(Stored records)

· · ·

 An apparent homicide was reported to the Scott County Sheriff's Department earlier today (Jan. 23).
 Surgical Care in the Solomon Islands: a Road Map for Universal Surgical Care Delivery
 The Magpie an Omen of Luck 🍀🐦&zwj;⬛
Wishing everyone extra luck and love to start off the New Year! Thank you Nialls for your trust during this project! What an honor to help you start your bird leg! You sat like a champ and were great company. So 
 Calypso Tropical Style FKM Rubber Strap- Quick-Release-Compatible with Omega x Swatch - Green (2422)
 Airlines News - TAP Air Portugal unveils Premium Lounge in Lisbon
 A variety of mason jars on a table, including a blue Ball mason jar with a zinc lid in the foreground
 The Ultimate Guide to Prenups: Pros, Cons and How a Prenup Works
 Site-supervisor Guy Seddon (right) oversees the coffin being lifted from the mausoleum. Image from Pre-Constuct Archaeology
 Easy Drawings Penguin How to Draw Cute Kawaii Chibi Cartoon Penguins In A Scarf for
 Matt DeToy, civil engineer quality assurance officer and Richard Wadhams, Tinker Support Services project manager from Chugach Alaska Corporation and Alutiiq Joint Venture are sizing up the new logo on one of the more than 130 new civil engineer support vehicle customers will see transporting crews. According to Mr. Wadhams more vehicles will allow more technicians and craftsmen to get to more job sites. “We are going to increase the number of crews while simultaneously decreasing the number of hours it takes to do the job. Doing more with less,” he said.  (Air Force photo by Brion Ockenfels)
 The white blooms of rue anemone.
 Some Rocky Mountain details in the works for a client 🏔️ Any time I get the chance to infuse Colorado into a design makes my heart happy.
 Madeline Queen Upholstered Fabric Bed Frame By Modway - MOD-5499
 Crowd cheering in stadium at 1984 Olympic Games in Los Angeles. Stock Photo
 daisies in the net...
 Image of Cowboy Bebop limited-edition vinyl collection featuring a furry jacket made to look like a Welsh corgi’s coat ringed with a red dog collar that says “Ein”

· · ·

◆ **What to work on**:
Scan the data for the string "Image" and copy each line in which it occurs.

◆ **Result**:
 Site-supervisor Guy Seddon (right) oversees the coffin being lifted from the mausoleum. Image from Pre-Constuct Archaeology
 Image of Cowboy Bebop limited-edition vinyl collection featuring a furry jacket made to look like a Welsh corgi’s coat ringed with a red dog collar that says “Ein”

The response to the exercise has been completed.